(Aim of the exercise):
Pictures stay out of the copy, and everything else in the data below is repeated exactly.

*** Opening of Material provided ***

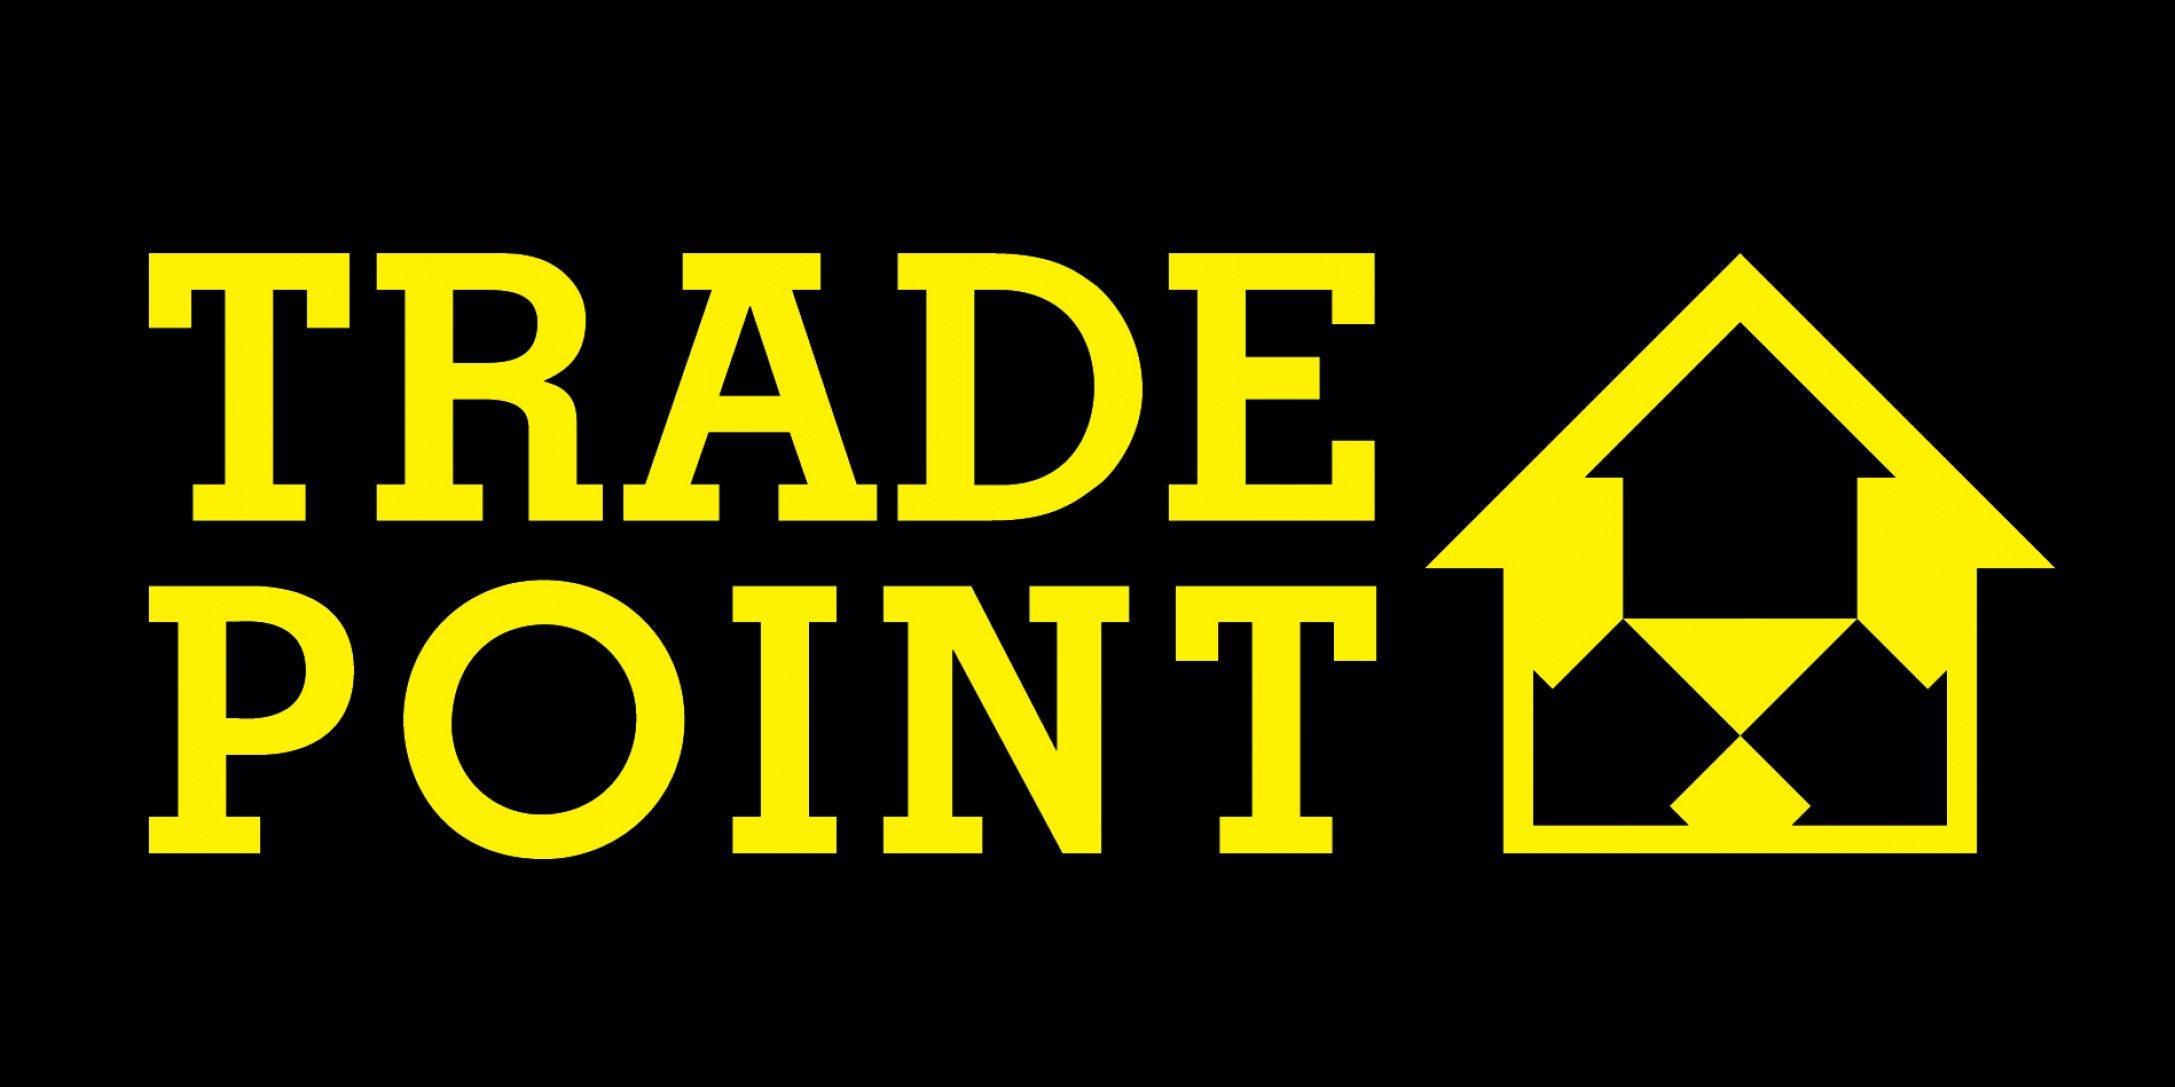 Tradepoint Coupons & Promo Codes
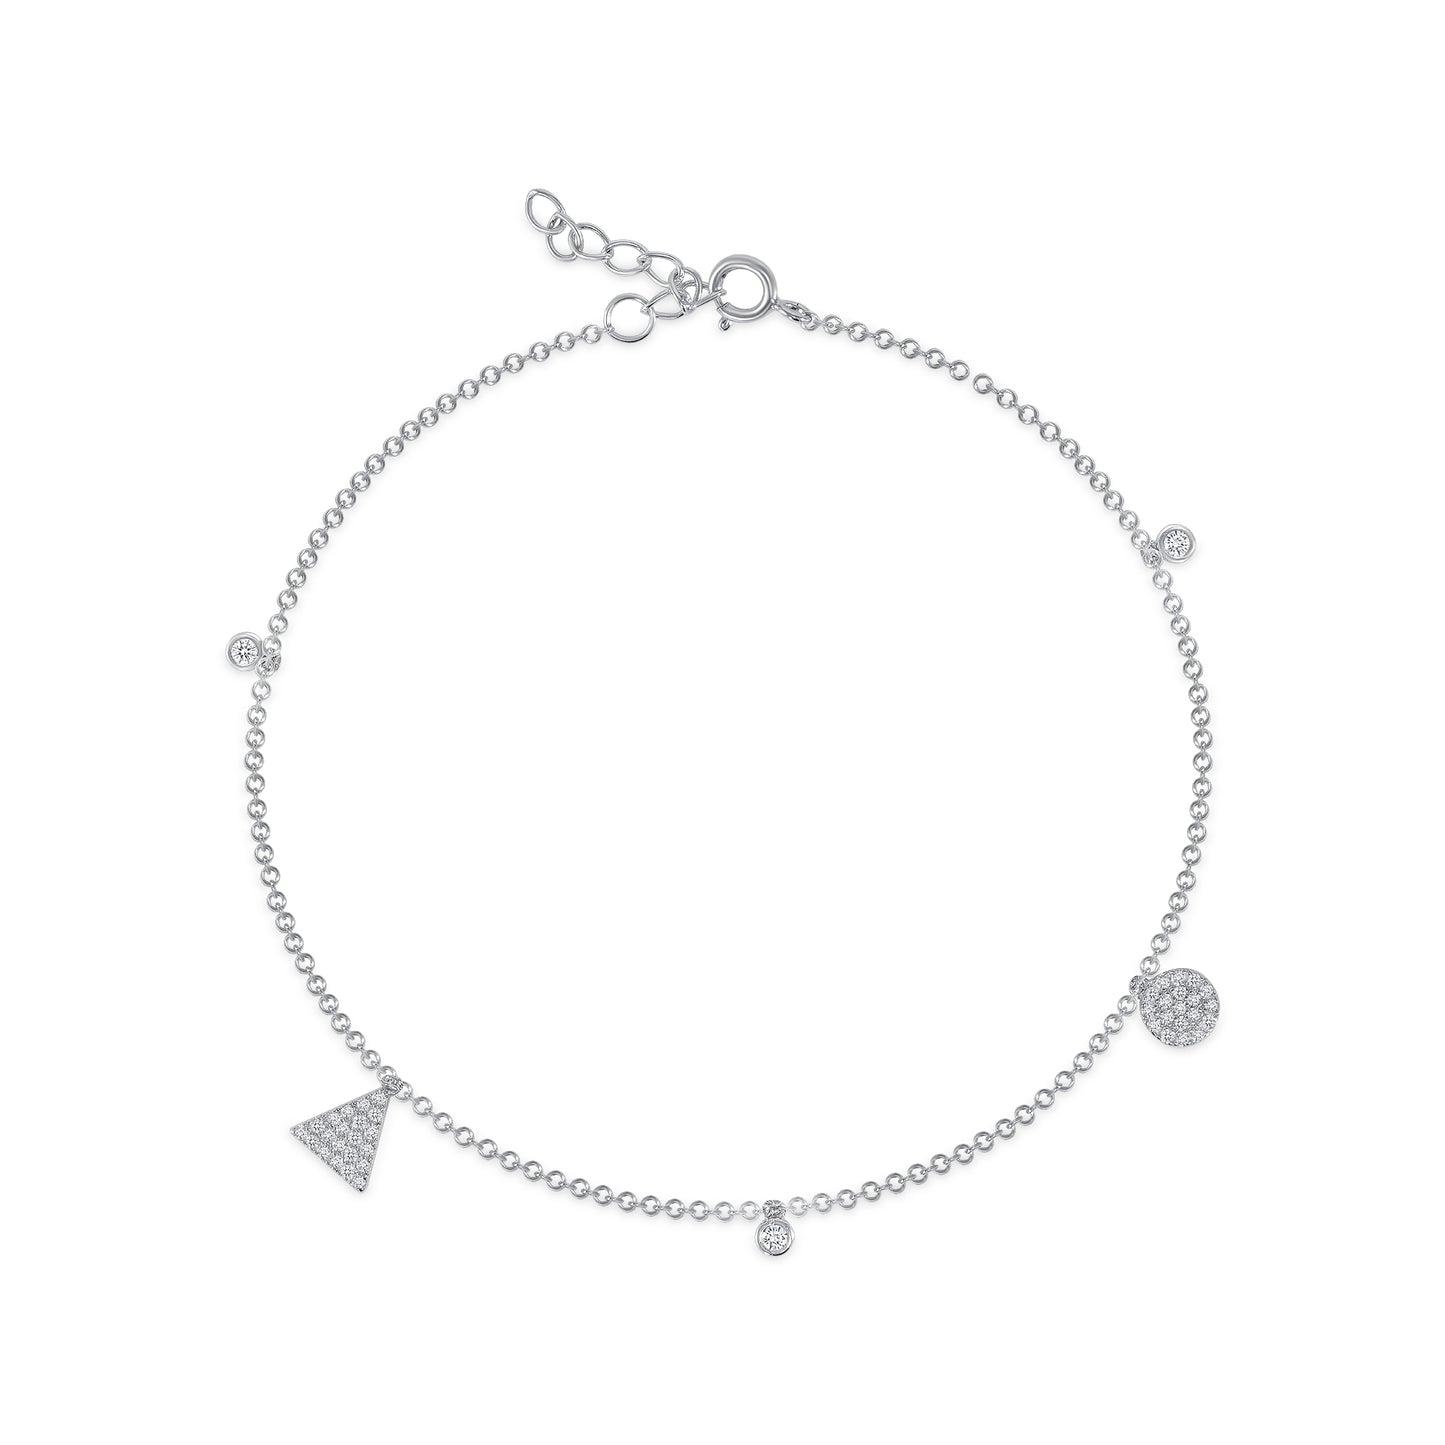 BF0108. Silver 925 Rhodium Plated Circle and Triangle Design Anklet
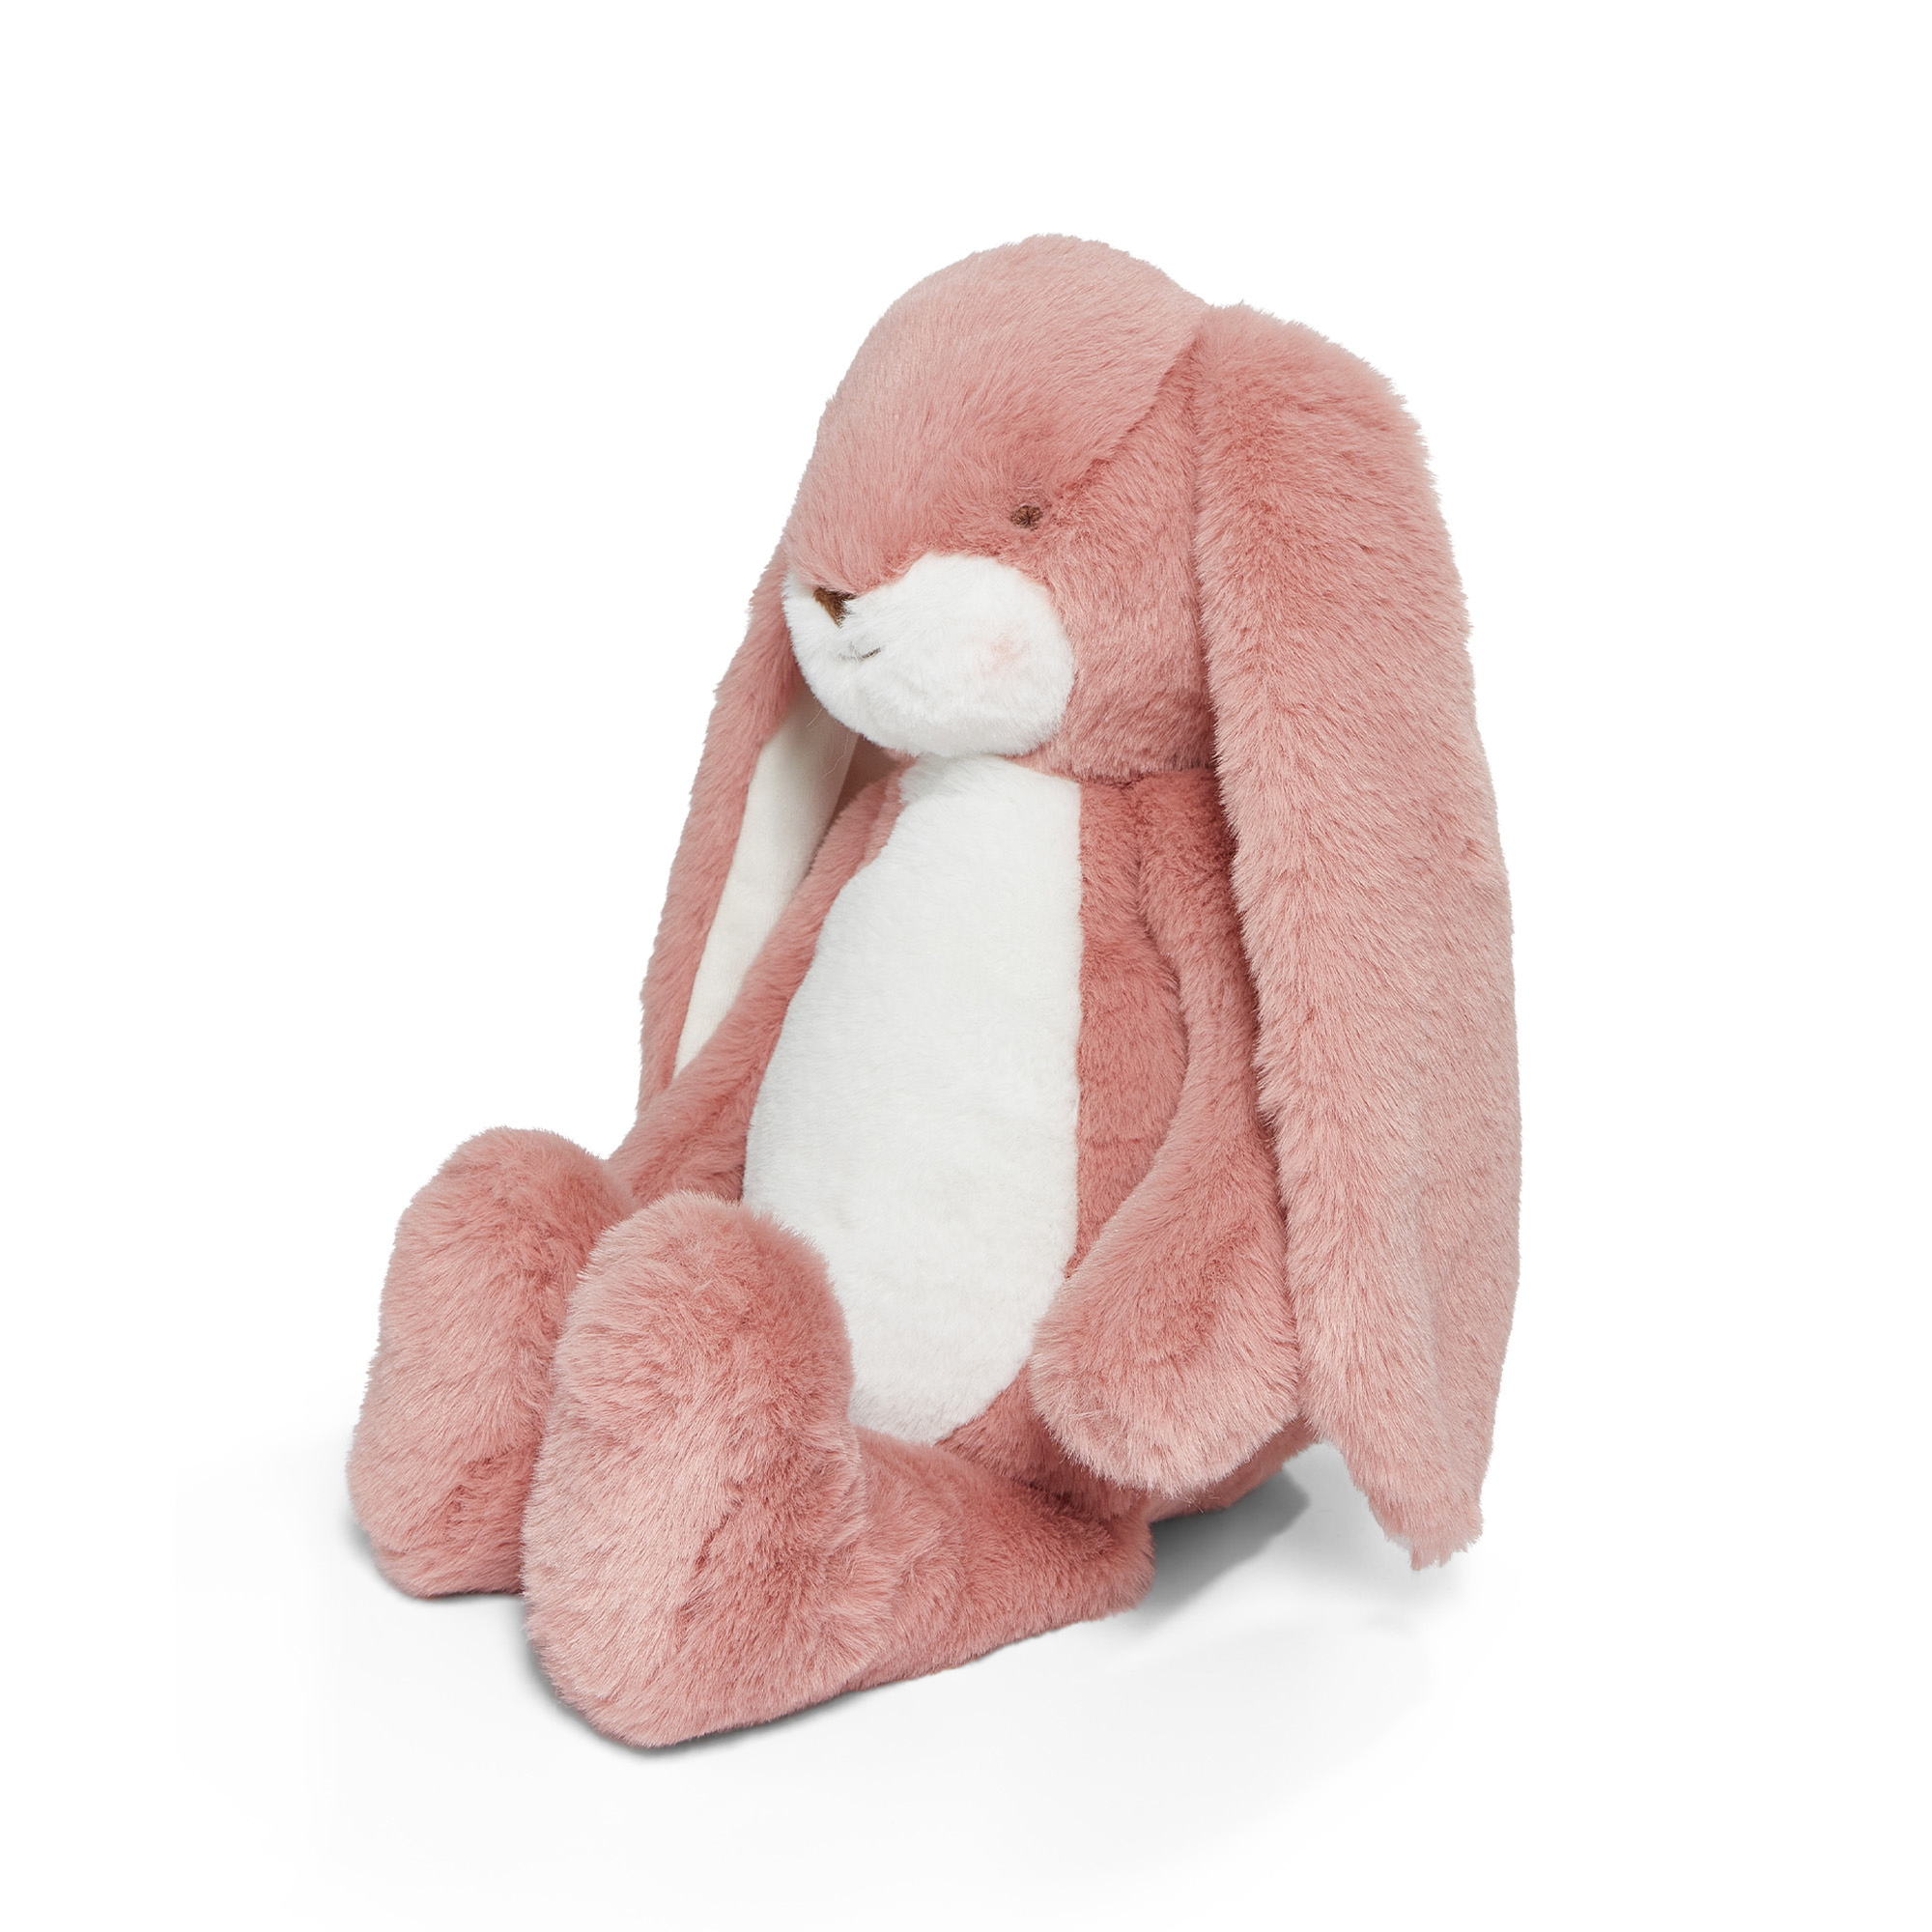 Peluche floppy sweet nibble coral blush 40 cm - Bunnies By The Bay

*** Close of Material provided ***

(Task response):
 Tradepoint Coupons & Promo Codes
 BF0108. Silver 925 Rhodium Plated Circle and Triangle Design Anklet
 Peluche floppy sweet nibble coral blush 40 cm - Bunnies By The Bay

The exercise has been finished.